Task brief
Only the lines below from the one with "Six brown eggs" through the one with "My sole focus" are to be written out, exactly and without any images.

[[ Material to process, beginning ]]

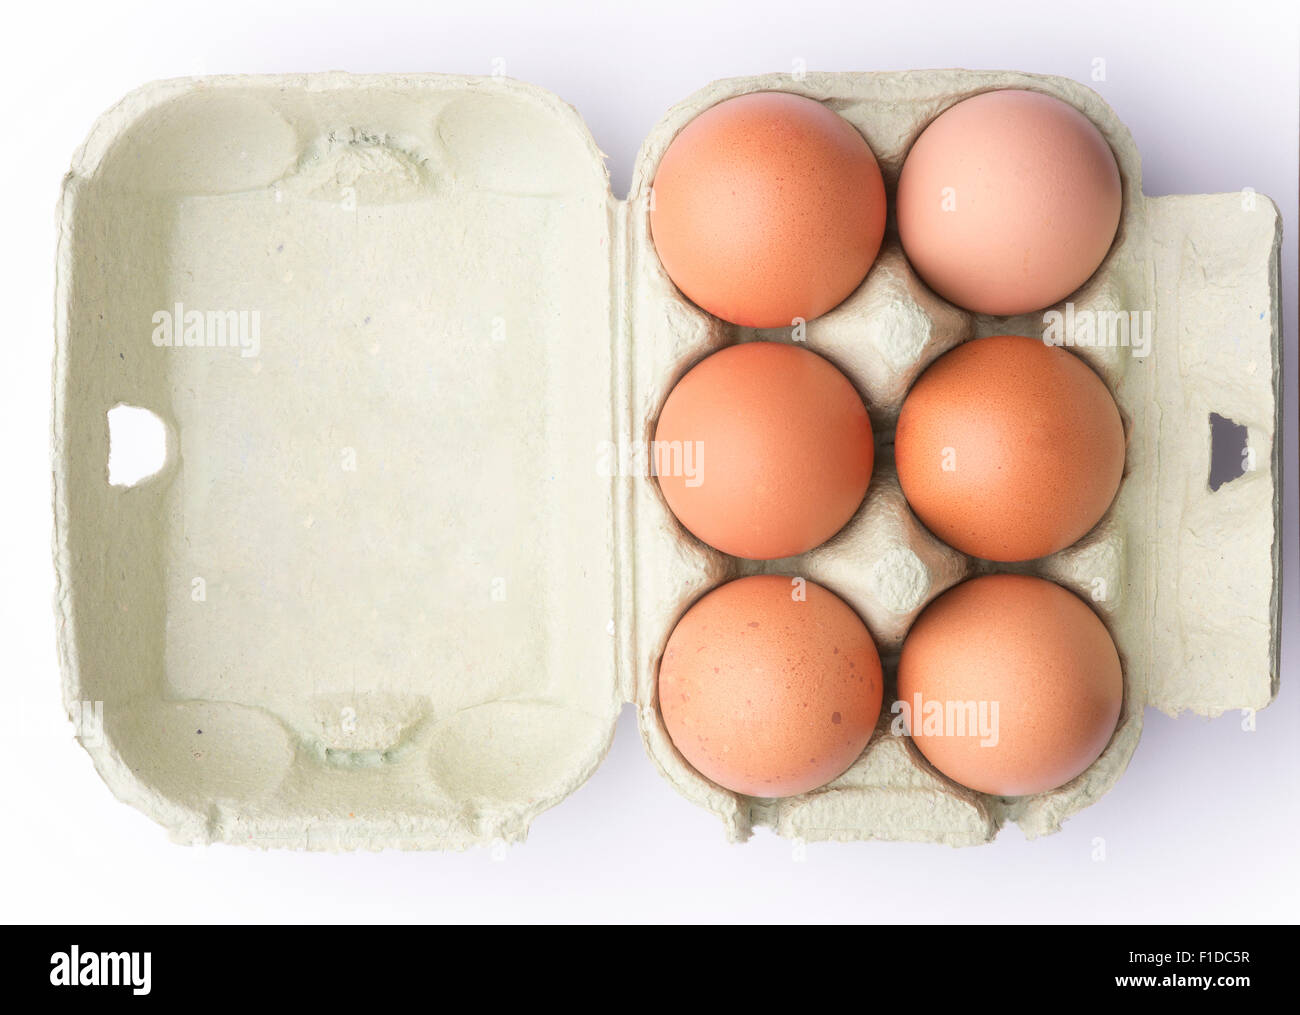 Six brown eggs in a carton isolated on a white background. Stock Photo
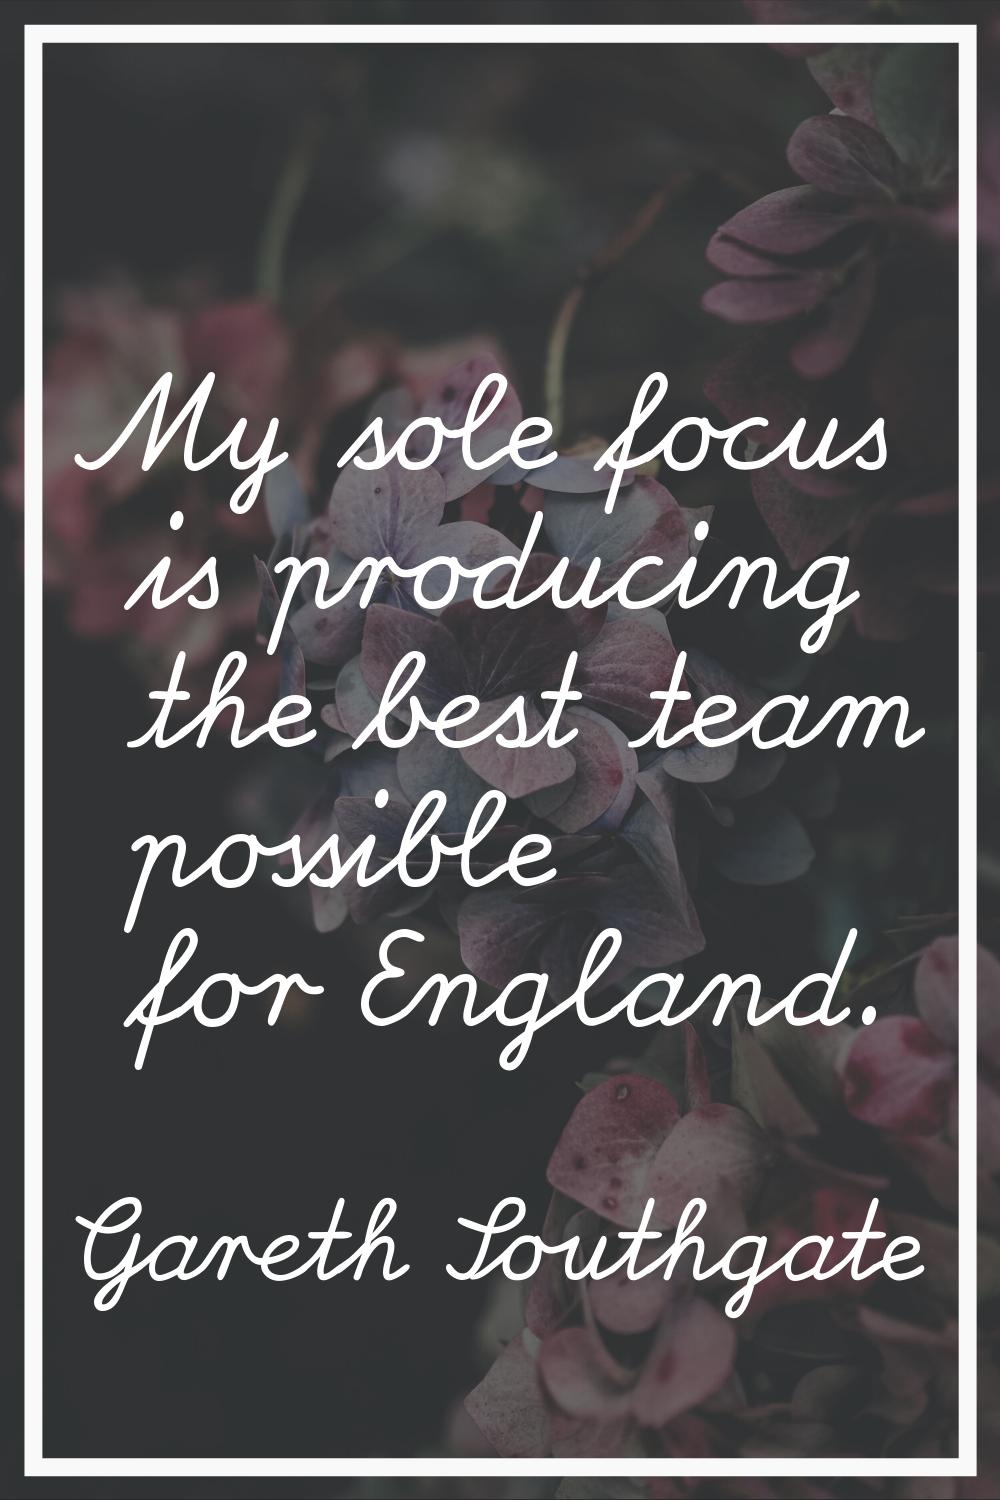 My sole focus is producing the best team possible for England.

[[ Material to process, end ]]
[[ Material to process, beginning ]]

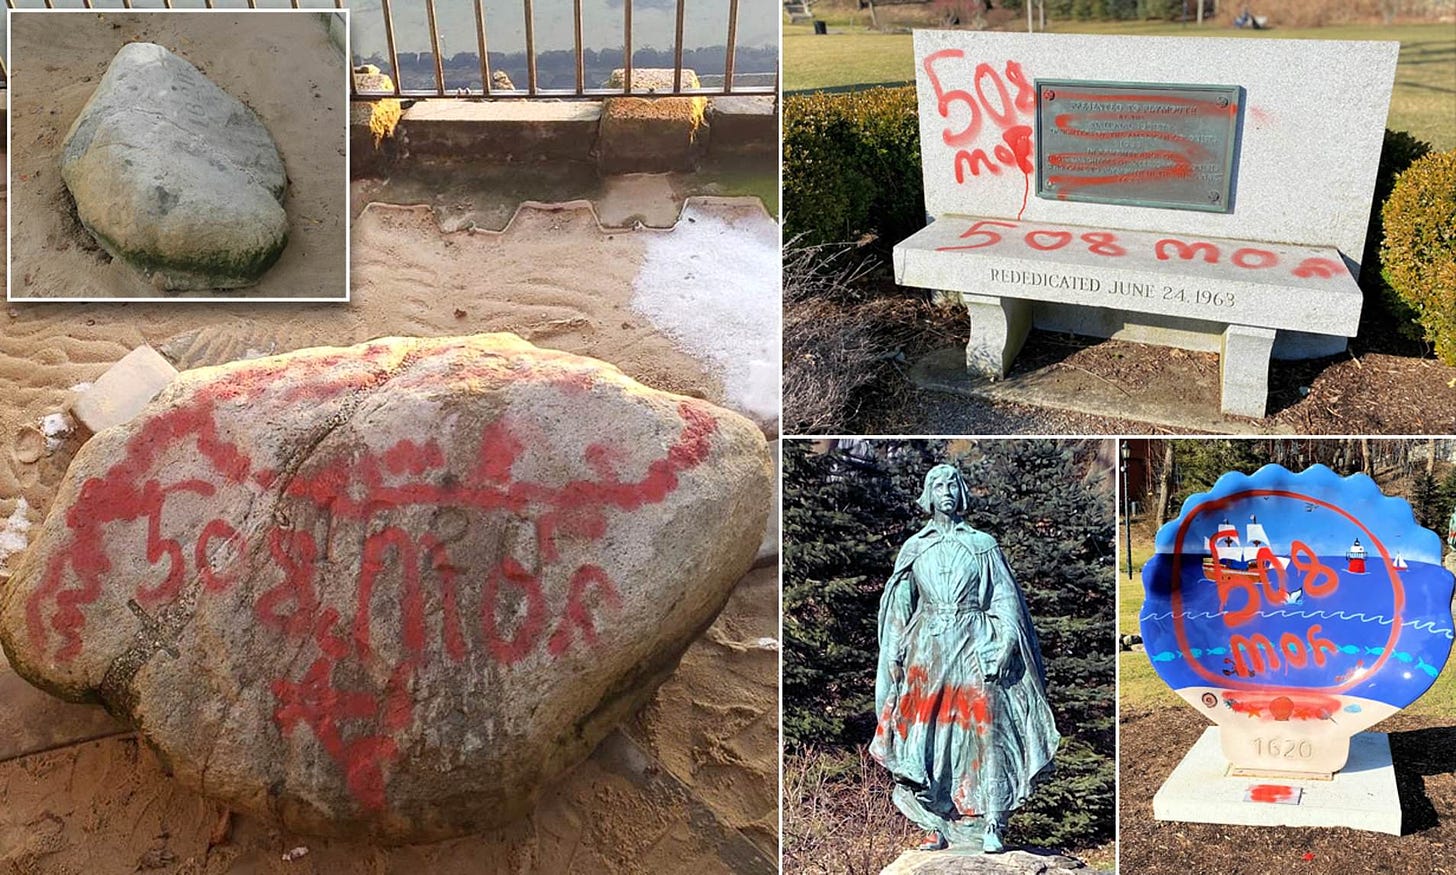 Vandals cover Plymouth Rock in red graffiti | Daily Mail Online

[[ Material to process, end ]]

Answer space
 Six brown eggs in a carton isolated on a white background. Stock Photo
 My sole focus is producing the best team possible for England.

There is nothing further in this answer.